Самодурка

Ткач Елена Константиновна

Часть 1

1

«Неужели я сейчас сниму сапоги, лягу и вытяну ноги? Кажется, пассажиров мало и вагон полупустой. Только бы в купе мужчин не было — опять это напряжение… А с меня хватит. Устала.»

Мысли вспыхивали вяло и словно бы неохотно. Она едва держалась на ногах от усталости — эта стройная молодая женщина. И все же привлекала к себе внимание. Что-то было в её облике… порода? Утонченность? Устремленность какая-то… Она привычно пряталась от назойливых взглядов, кутаясь в пуховый платок, накинутый по-боярски поверх изящной меховой шапочки. Куталась и улыбалась тихонечко. Про себя.

На екатеринбургском перроне падал снежок, засыпая ясный морозный полдень, предновогоднюю суету, багаж, улыбки и прощальные поцелуи.

— Давайте ваш билет.

Моложавая напомаженная проводница возвестила посадку.

2

… И качается, и мается, и рвется вперед вагон, обреченный двигаться по заданному пути — две стальные путеводные нити, ведущие в неизвестность, притягивают и держат, не дают оторваться в иной простор — шальной, вольный, и промчаться над заснеженным полем, и пересечь кособокий наст тихого сельского проселка, и взлететь, и провалиться в упругую хвойную зелень… и притаиться там.

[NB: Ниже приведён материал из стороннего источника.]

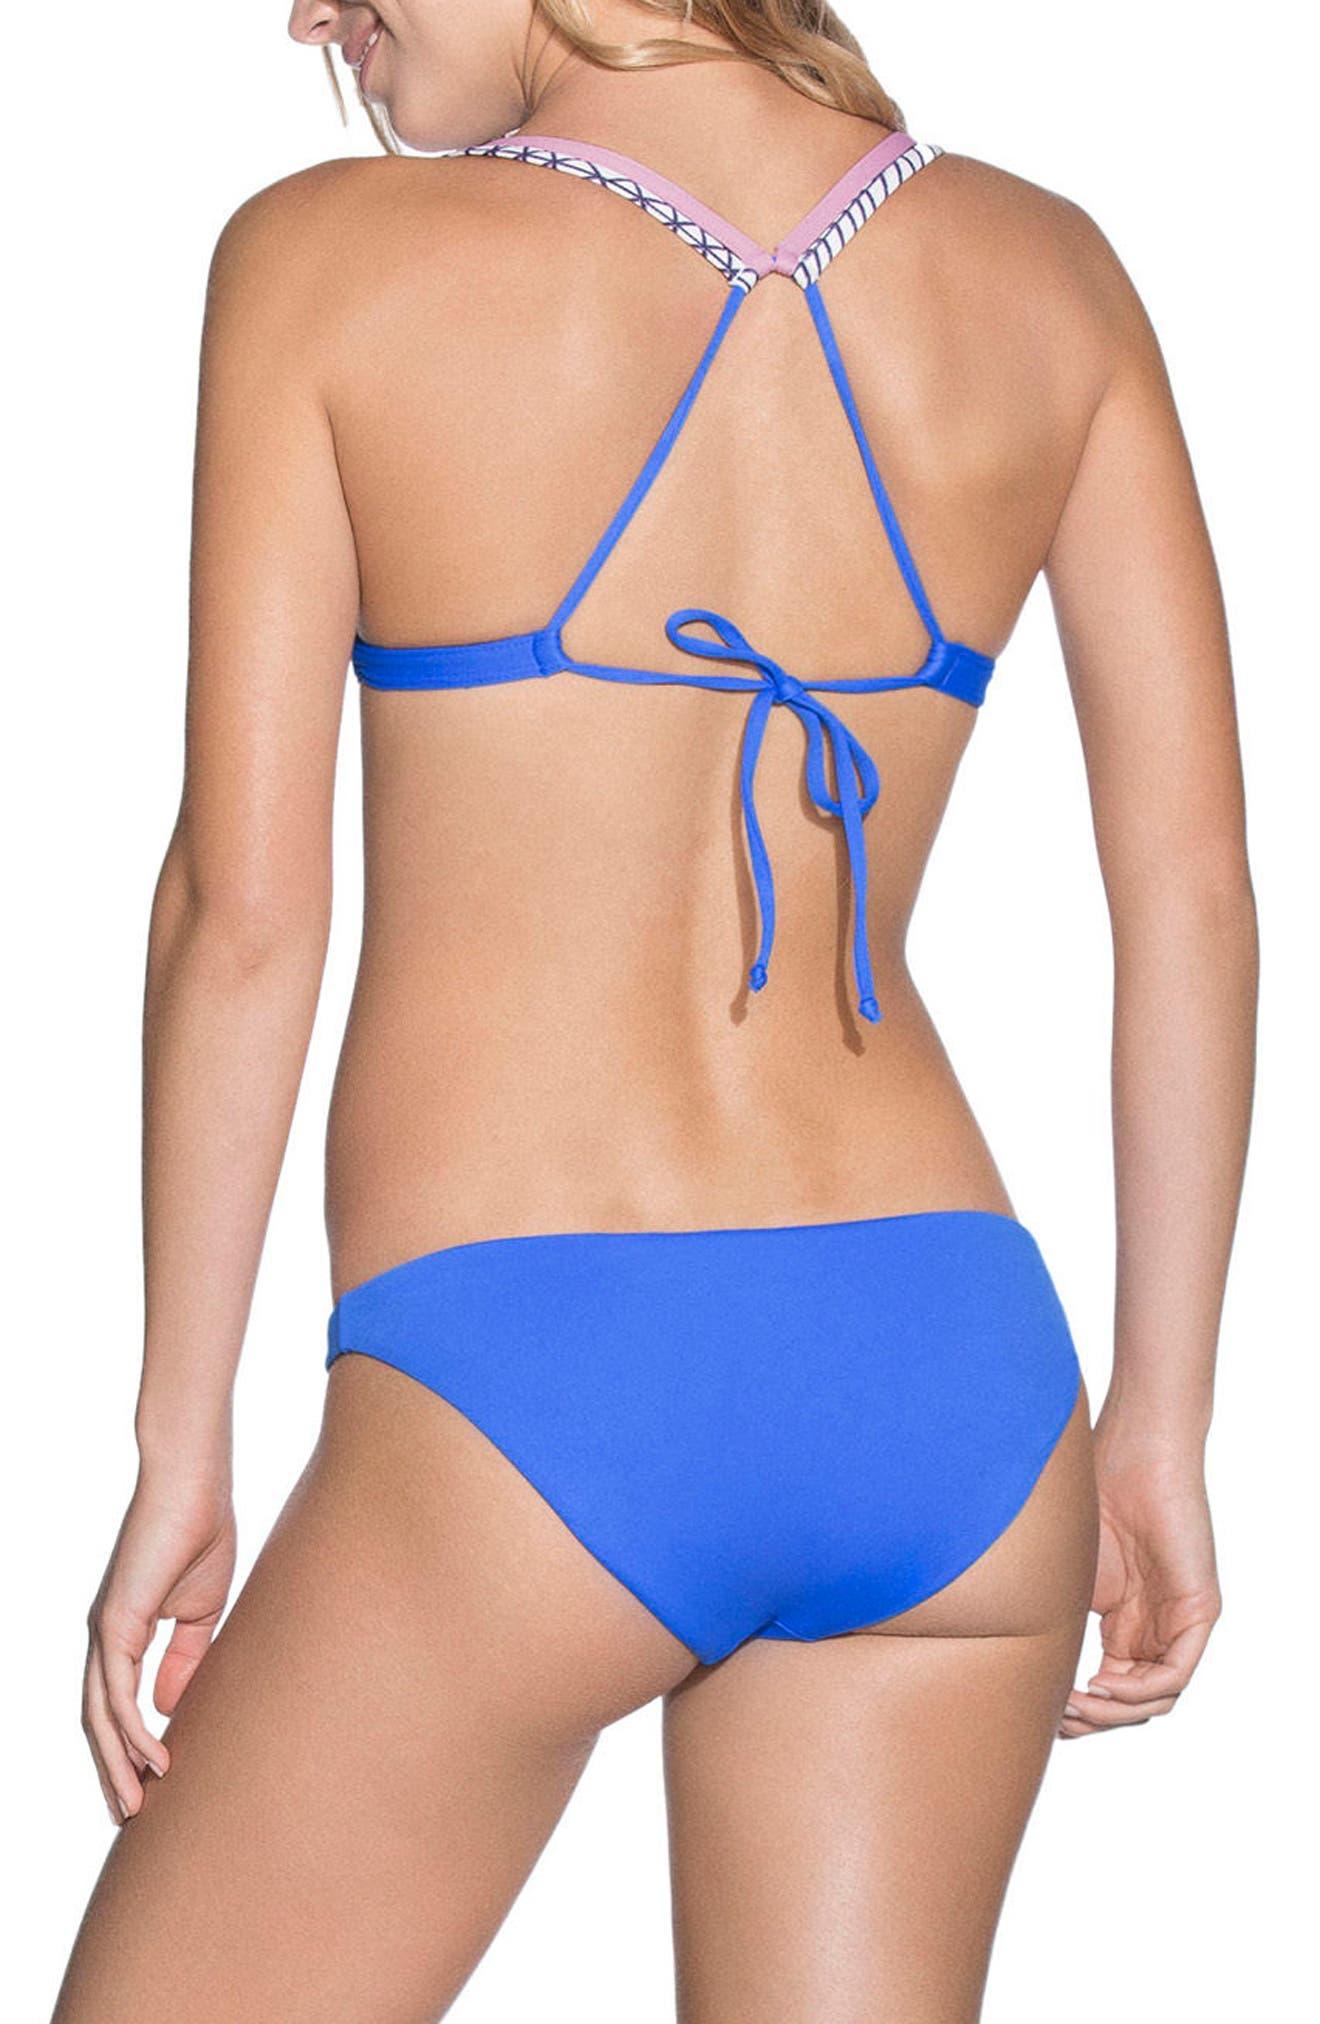 Neptune Blue Sublime Reversible Bikini Bottoms,                             Alternate thumbnail 5, color,                             400

Отдышаться, затихнуть в тайной детской радости недозволенного побега.

… И горит, и колышется, сбивается с ритма Надино сердце — она заметалась по вагону и, позабыв о приличиях, дергала двери купе, заглядывая внутрь. С исчезновением Лариона душа её словно бы воспламенилась и, закричав в этом пламени резкой боли, так и застыла, занемела, словно бы звук набата длился в ней, не угасая, не прерываясь мерной чередой ударов, это замерло в Надином сердце смятение.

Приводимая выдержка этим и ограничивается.